I made another 1.5" wooden screw, and fellow LJ Mauricio was kind enough to send me an excess 3.5" hub, and also drilled a 1.5" hole in the end. I used it for my leg vise. I think he was right, 3.5" looks much better on the leg vise than 2" would have.

Anywho, I *do* have good picture coverage of this part. Here I'm working on making the garter plate for the leg vise out of a piece of 3/4" walnut









I drilled a 1" hole with a forstner bit about 3/8" deep. Enough so I could easily get the forstner bit started again with out having to use the spur in the middle. Because I then used a 3.5" hole saw, centering the pilot bit on the cone that the forstner bit spur left. I drilled down about 1/4" (I think it ended up being 3/16, or even 3/8" deep in the end, but oh well)

That established the outside edge, and then I drilled the rest of the way through the 1" hole.

Then it was time to chisel out some of the excess waste

A quick test fit with the hub









A #71 to level out the bottom









And there we have it









Now it's time to cut it off of the rest of the piece of walnut



























And cut it in half so I can get it around the screw









And there she is (And yes, the screw placement was intentional based on the grain patterns of the chop. I also cut the chop to size with that as the intended result)


















Then, it was time to drill out the back leg, so the leg vise screw could pass through it, so as to not limit my leg vise to a capacity of 5" 


















Then drilled a hole at the bottom of the leg for the parallel guide









And made another screw (threaded dowel, I suppose) for the parallel guide. I drilled a 1.5" deep hole in the 2" thick vise chop, and then tapped it so I could thread the parallel guide screw in place, and still remove it if I have to.

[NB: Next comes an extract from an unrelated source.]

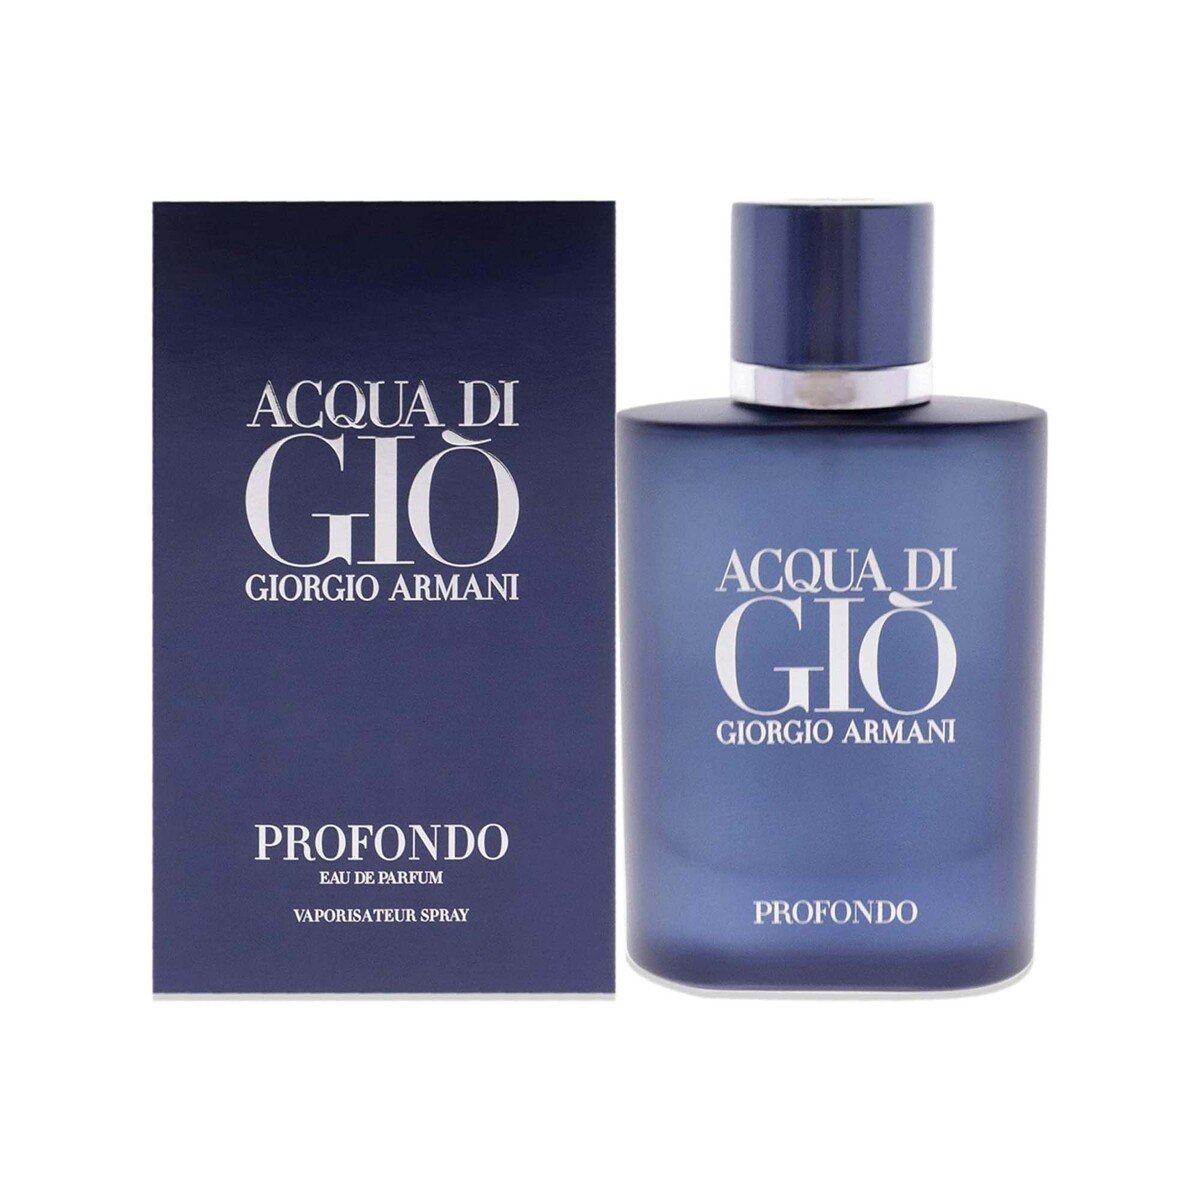 Giorgio Armani Acqua Di Gio Profondo Eau De Parfum For Men, 75ml

And here's the parallel guide screw, and the walnut nut









And with that, it was time to give it a test


















Also made a 1" oak handle for it. Continuing the theme of "alternating" oak and maple (wagon vise was maple end cap, oak garter plate, maple hub, oak handle. Leg vise is oak chop, maple hub, oak handle)









It does actually close all the way even with the 3/4" thick nut still on it. So that makes me happy, in that I shouldn't have to ever remove it in use, I don't think.









Out of curiosity, this is about as wide open as it'll go with the current parallel guide screw









That'll probably be plenty 


















Thanks for checkin' it out  This will probably be the last blog of the main bench build. I will hopefully be able to find a time to get some finish on it, but that will have to wait until a time I can do it somewhere other than in my apartment.


----------



## waho6o9 (May 6, 2011)

Mosquito said:


> *Tool Well and Leg Vise*
> 
> I've made some progress since the last blog entry, so I suppose I should probably update things here…
> 
> ...


Top shelf workmanship Mos, a definite favorite.

Thanks for posting the process of your fine bench.


----------



## mochoa (Oct 9, 2009)

Mosquito said:


> *Tool Well and Leg Vise*
> 
> I've made some progress since the last blog entry, so I suppose I should probably update things here…
> 
> ...


Wow it looks awesome Mos! I told you it would close all the way!  The two screws really look so cool man. I like how the hub sits inside the garter. And the chop shape is pretty cool. Great looking bench bro!

How easily does the nut move? Is it easy to move with your foot?

12.5" of capacity is very nice, you think you wont use it but if you have it you'll find uses for it. I know I have.

Bravo man, good show!


----------



## Airframer (Jan 19, 2013)

Mosquito said:


> *Tool Well and Leg Vise*
> 
> I've made some progress since the last blog entry, so I suppose I should probably update things here…
> 
> ...


Freakin' Awesome Mos!


----------



## widdle (Mar 10, 2010)

Mosquito said:


> *Tool Well and Leg Vise*
> 
> I've made some progress since the last blog entry, so I suppose I should probably update things here…
> 
> ...


Fantastic…So , you turn the walnut nut to open the lower part of the chop ?


----------



## Mosquito (Feb 15, 2012)

Mosquito said:


> *Tool Well and Leg Vise*
> 
> I've made some progress since the last blog entry, so I suppose I should probably update things here…
> 
> ...


Thanks *Waho*. Posting here is part of what keeps me going sometimes 

-

Thanks *Mauricio*. I did end up enlarging the hole in the chop to 1 5/8" from the 1 1/2" it was originally. It compensated for the wobble in the hub a little bit that way, and prevented it from slightly binding.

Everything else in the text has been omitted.